Evaluating the impact of word embeddings on similarity scoring in practical information retrieval
AI 摘要
该论文评估了基于WMD和词嵌入的相似度计算方法在信息检索中的有效性,并验证了其优越性。
主要贡献
- 提出基于WMD和词嵌入的相似度计算方法
- 证明了WMD + GloVe组合优于其他检索模型
- 验证了预训练词嵌入的领域无关性和可移植性
方法论
使用WMD计算查询和文档中单个词之间的距离,并结合词嵌入技术,进行排序查询和响应语句的相似度评估。
原文摘要
Search behaviour is characterised using synonymy and polysemy as users often want to search information based on meaning. Semantic representation strategies represent a move towards richer associative connections that can adequately capture this complex usage of language. Vector Space Modelling (VSM) and neural word embeddings play a crucial role in modern machine learning and Natural Language Processing (NLP) pipelines. Embeddings use distributional semantics to represent words, sentences, paragraphs or entire documents as vectors in high dimensional spaces. This can be leveraged by Information Retrieval (IR) systems to exploit the semantic relatedness between queries and answers. This paper evaluates an alternative approach to measuring query statement similarity that moves away from the common similarity measure of centroids of neural word embeddings.

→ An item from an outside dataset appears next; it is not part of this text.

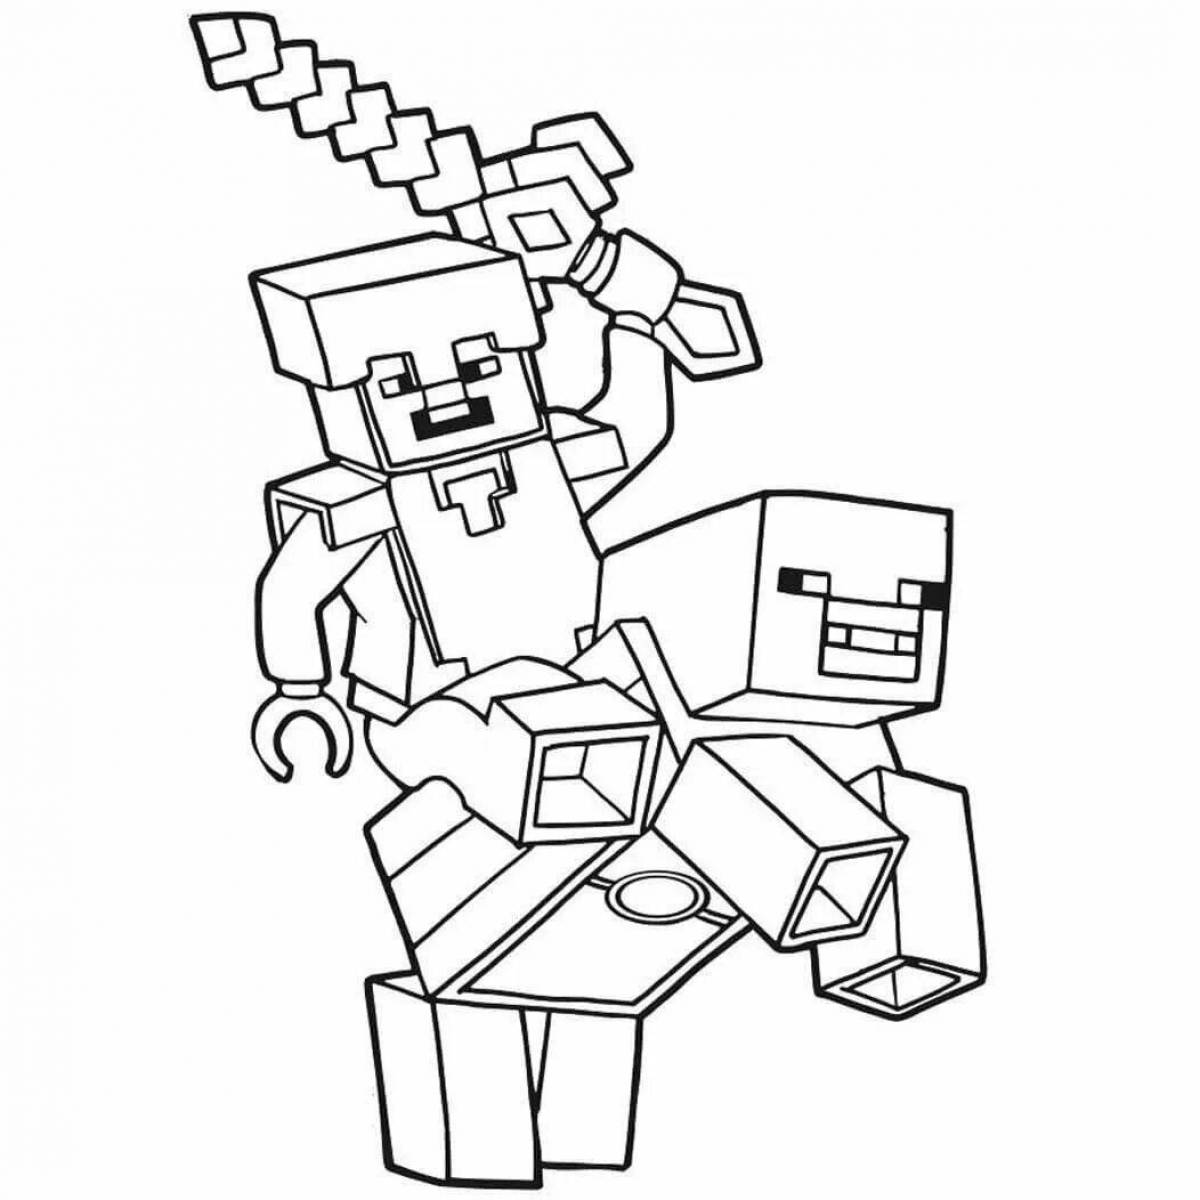 Fascinating minecraft portal coloring page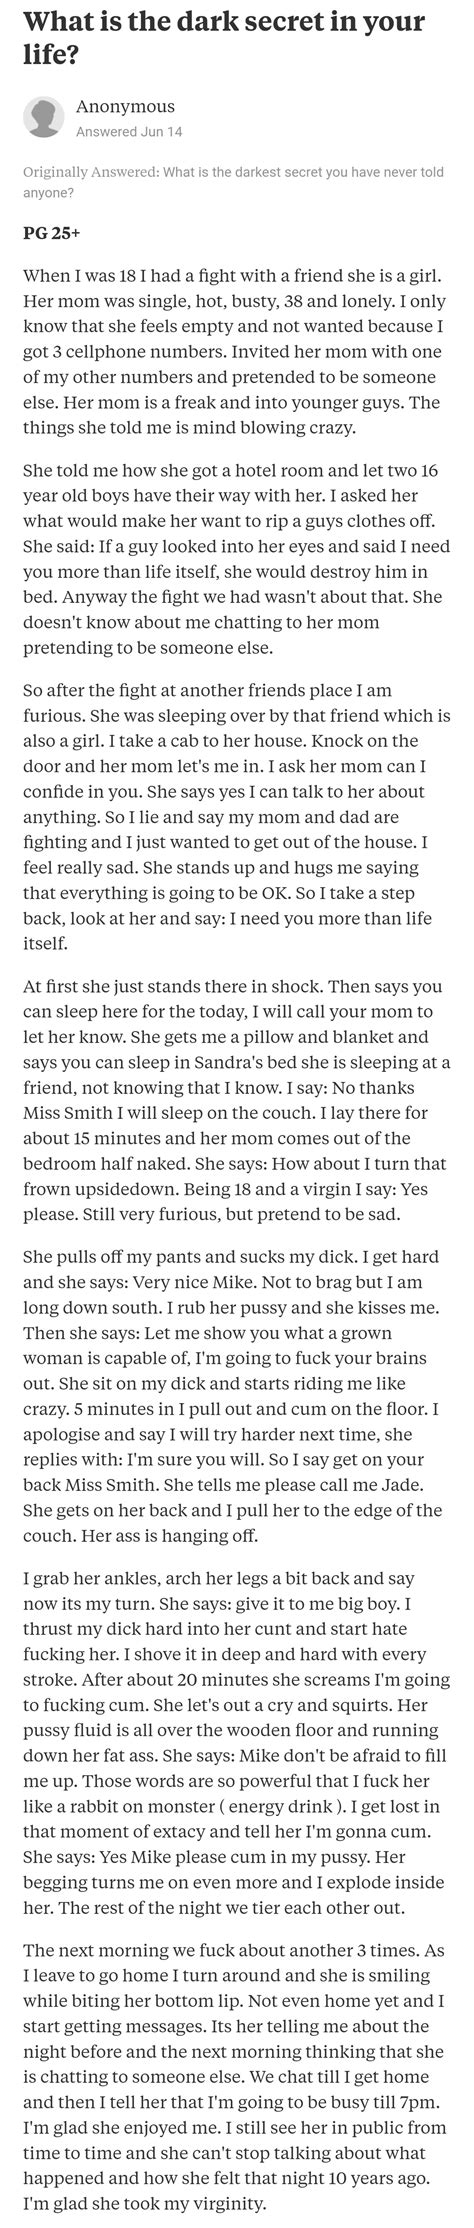 quora has become a dump for anonymous sex stories 😂 indianpeoplequora

Motivated by the Word Movers Distance (WMD) model, similarity is evaluated using the distance between individual words of queries and statements. Results from ranked query and response statements demonstrate significant gains in accuracy using the combined approach of similarity ranking through WMD with the word embedding techniques. The top performing WMD + GloVe combination outperforms all other state-of-the-art retrieval models including Doc2Vec and the baseline LSA model. Along with the significant gains in performance of similarity ranking through WMD, we conclude that the use of pre-trained word embeddings, trained on vast amounts of data, result in domain agnostic language processing solutions that are portable to diverse business use-cases.